## Exercise details
Return the listing exactly. Keep no pictures.
*** Opening of Data section ***
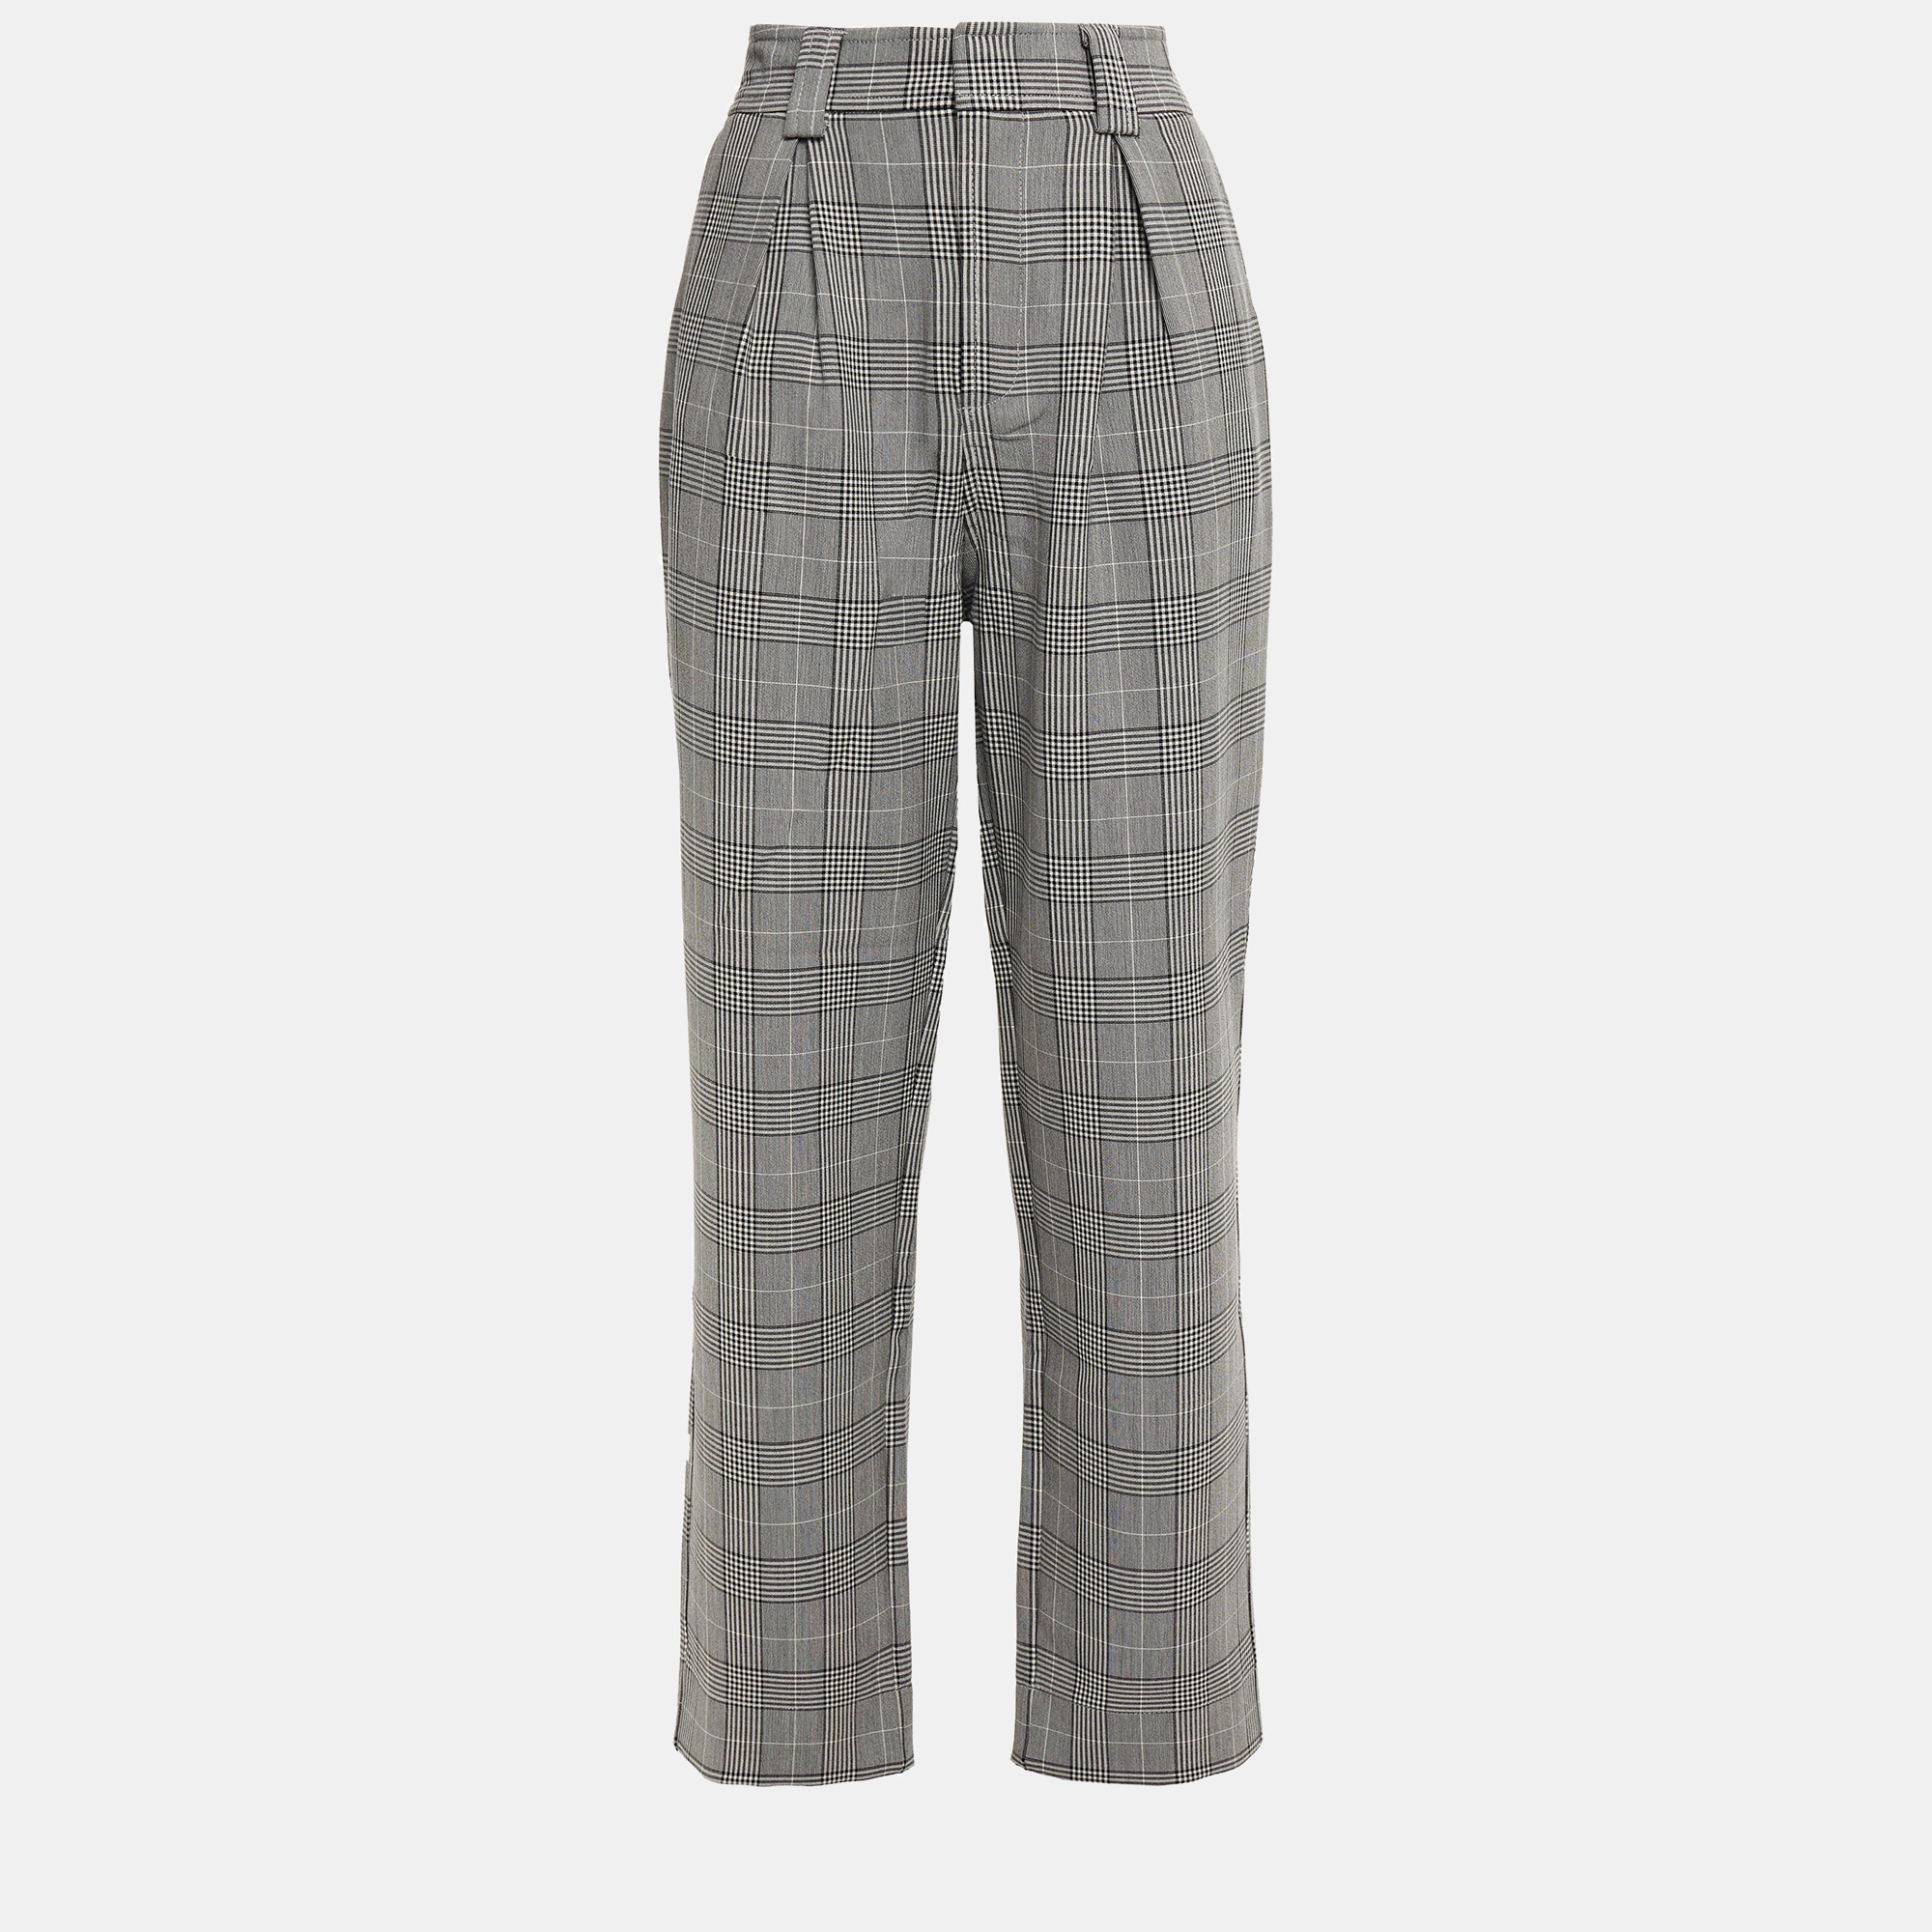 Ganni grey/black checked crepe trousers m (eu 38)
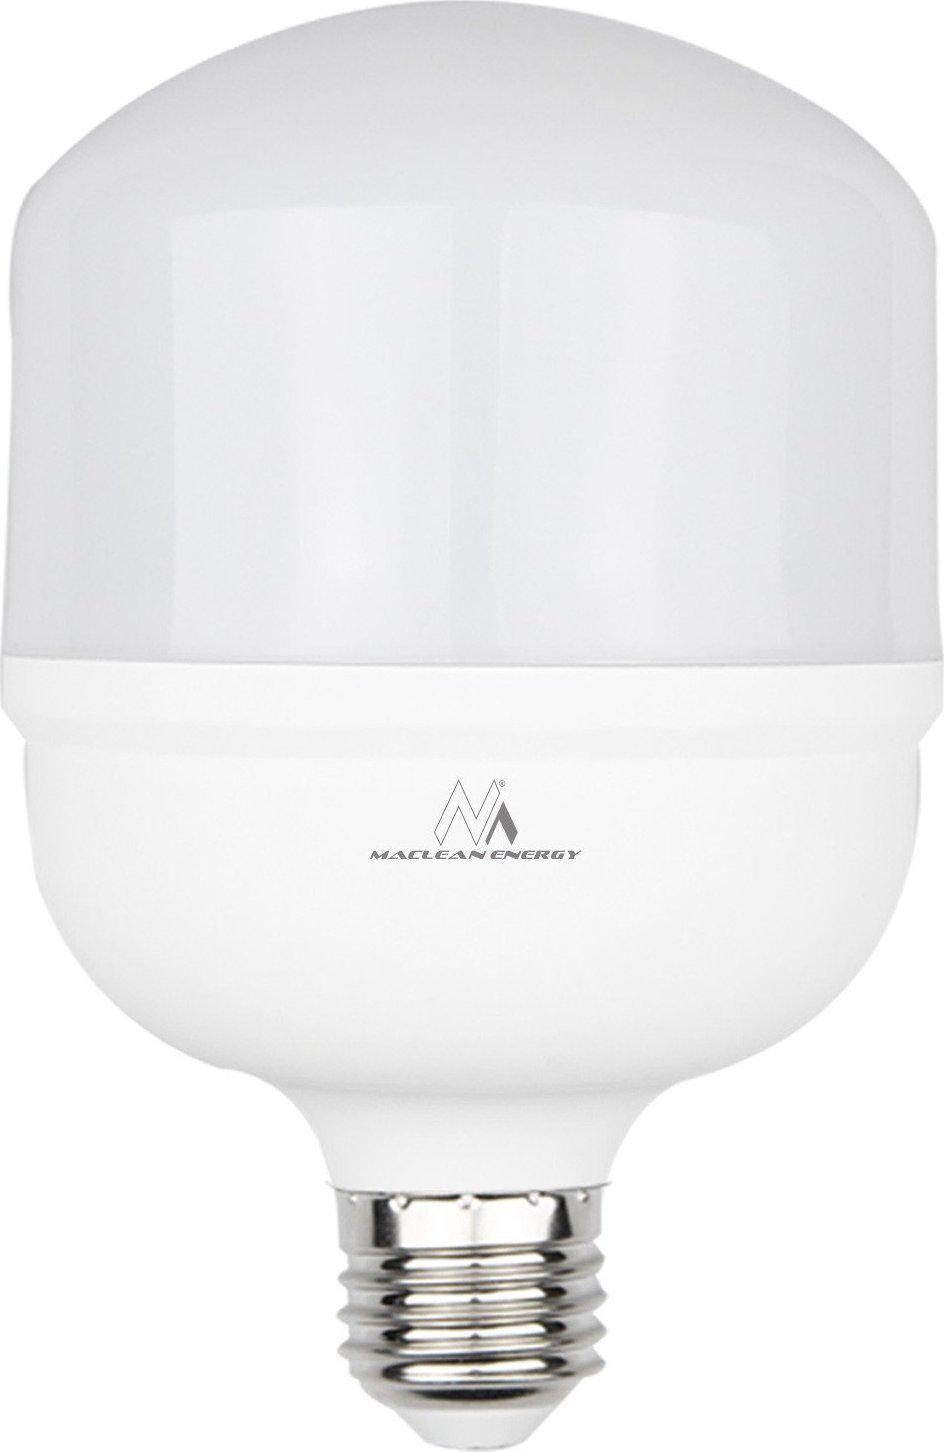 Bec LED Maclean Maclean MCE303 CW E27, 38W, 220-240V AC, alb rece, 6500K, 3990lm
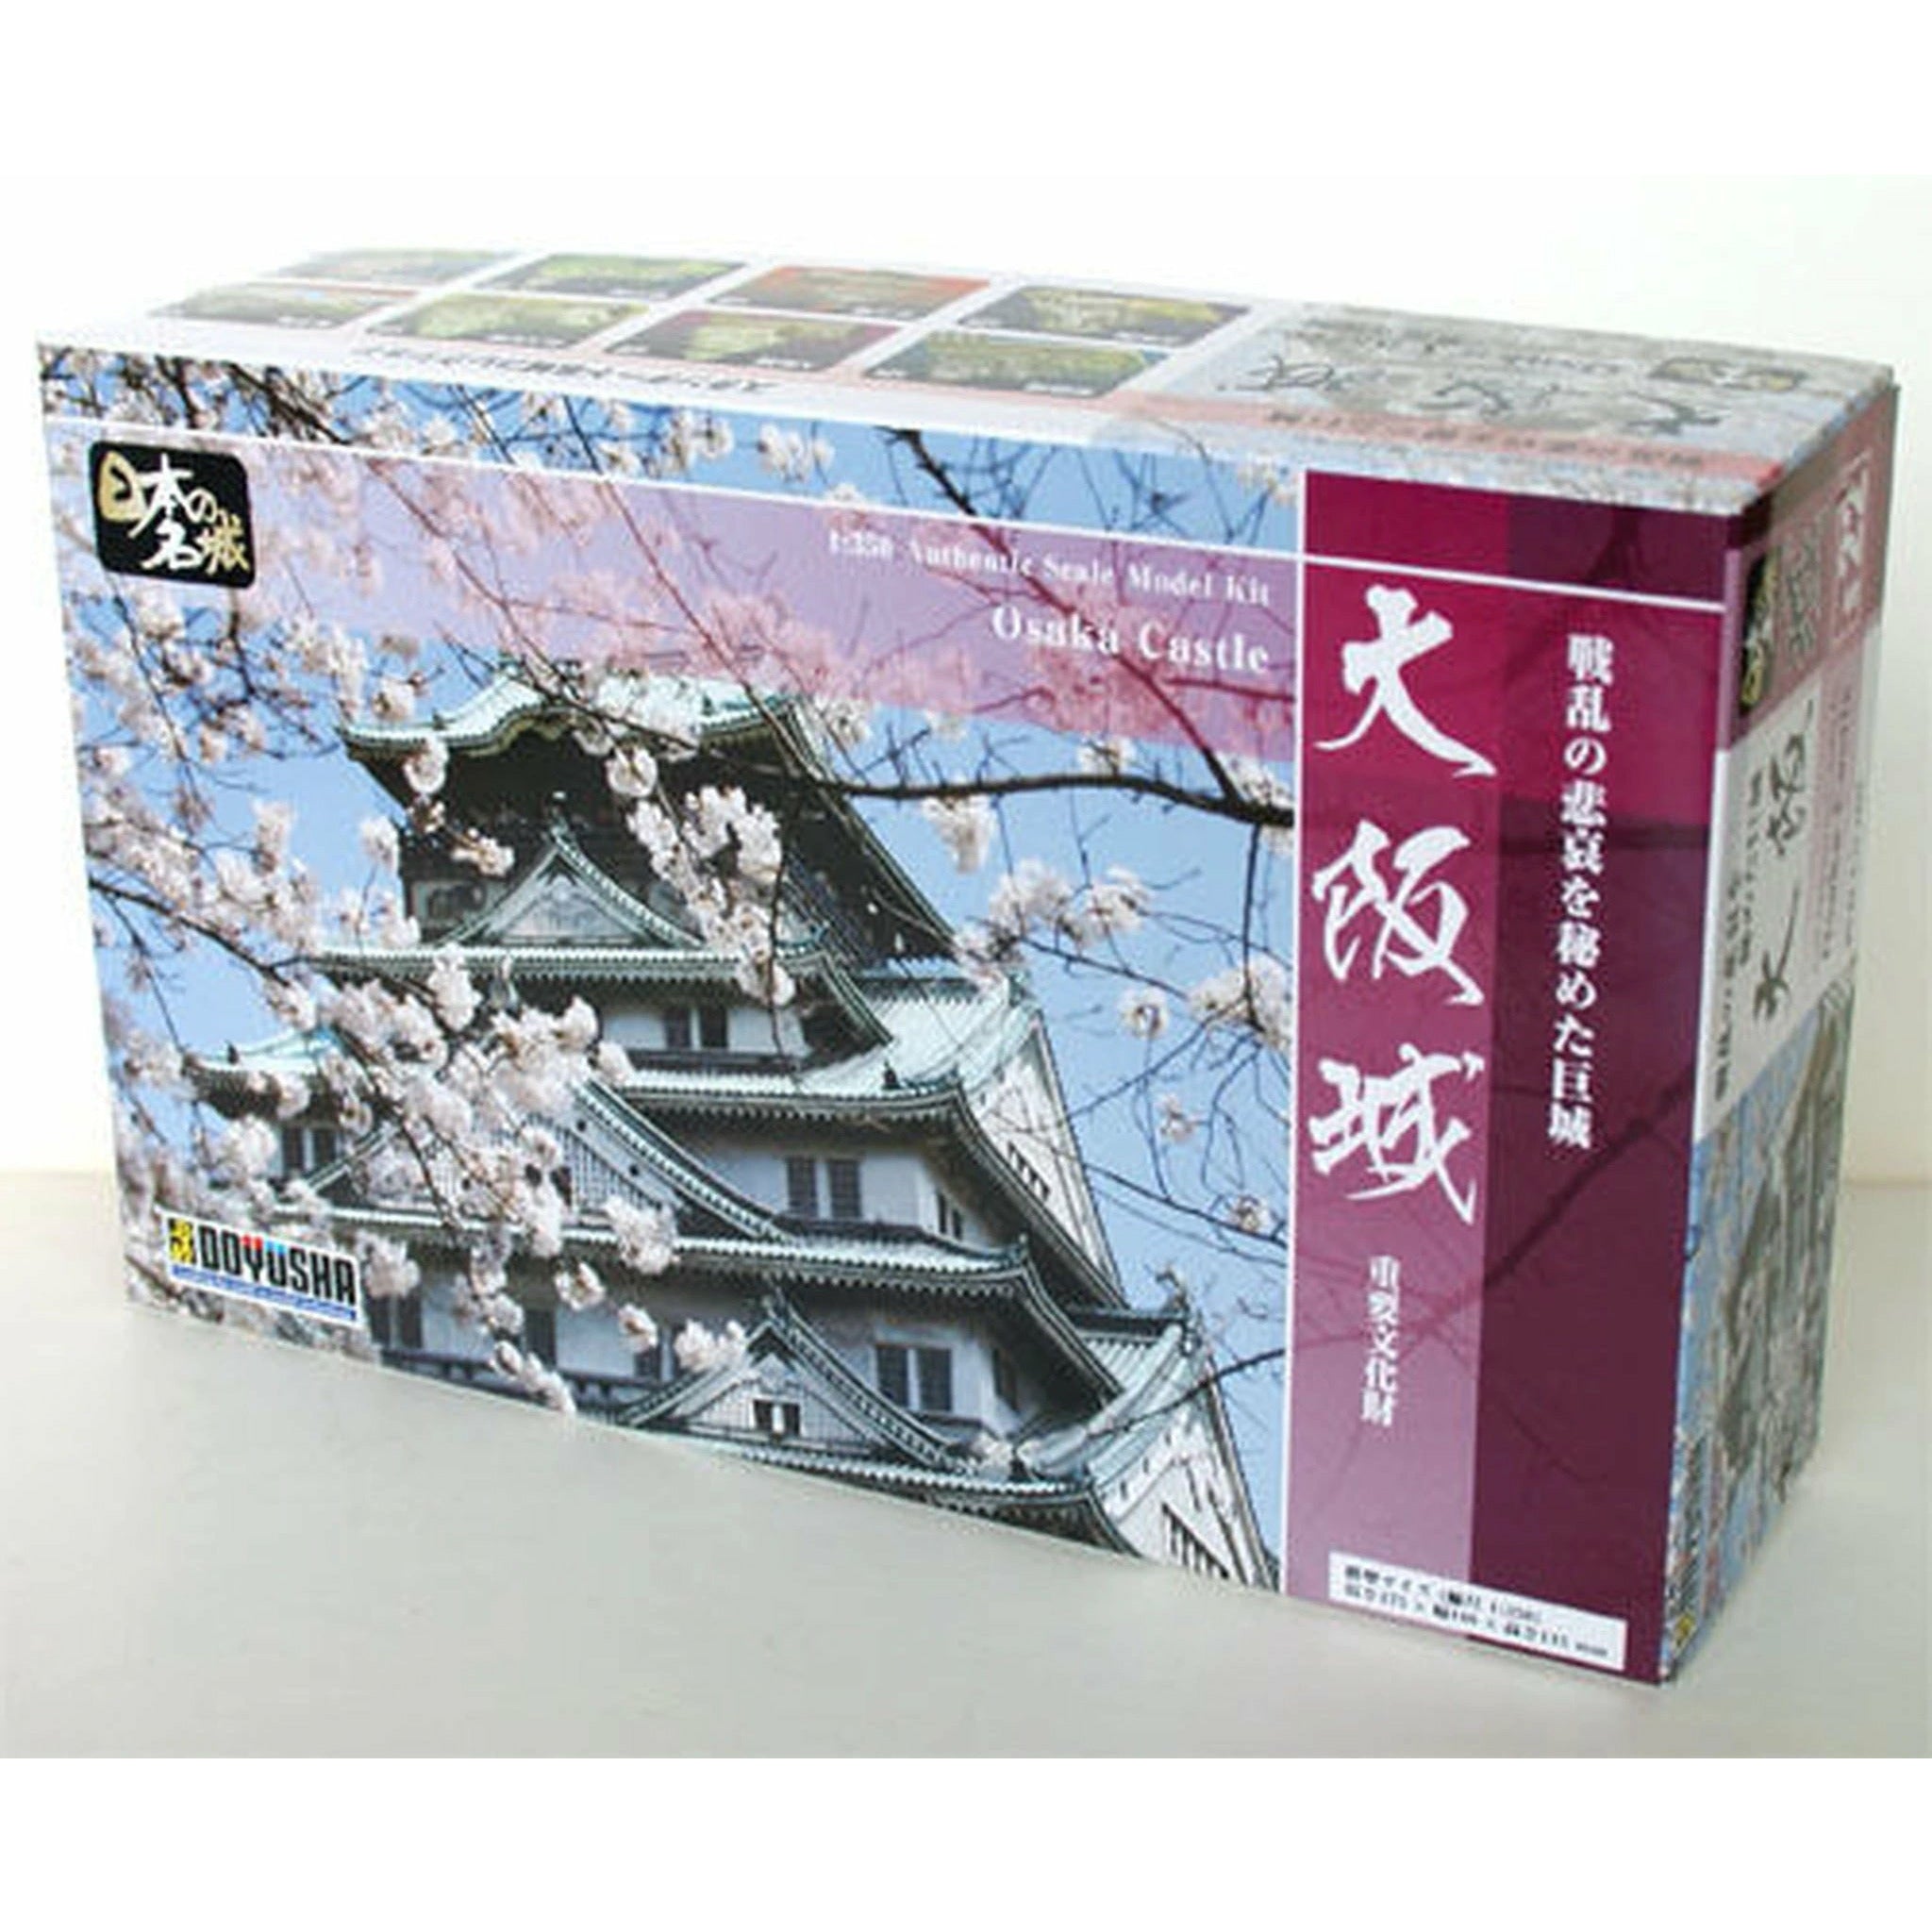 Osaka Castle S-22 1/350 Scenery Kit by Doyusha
*** Close of Data section ***
## Solution to this problem
 Ganni grey/black checked crepe trousers m (eu 38)
 Bec LED Maclean Maclean MCE303 CW E27, 38W, 220-240V AC, alb rece, 6500K, 3990lm
 Osaka Castle S-22 1/350 Scenery Kit by Doyusha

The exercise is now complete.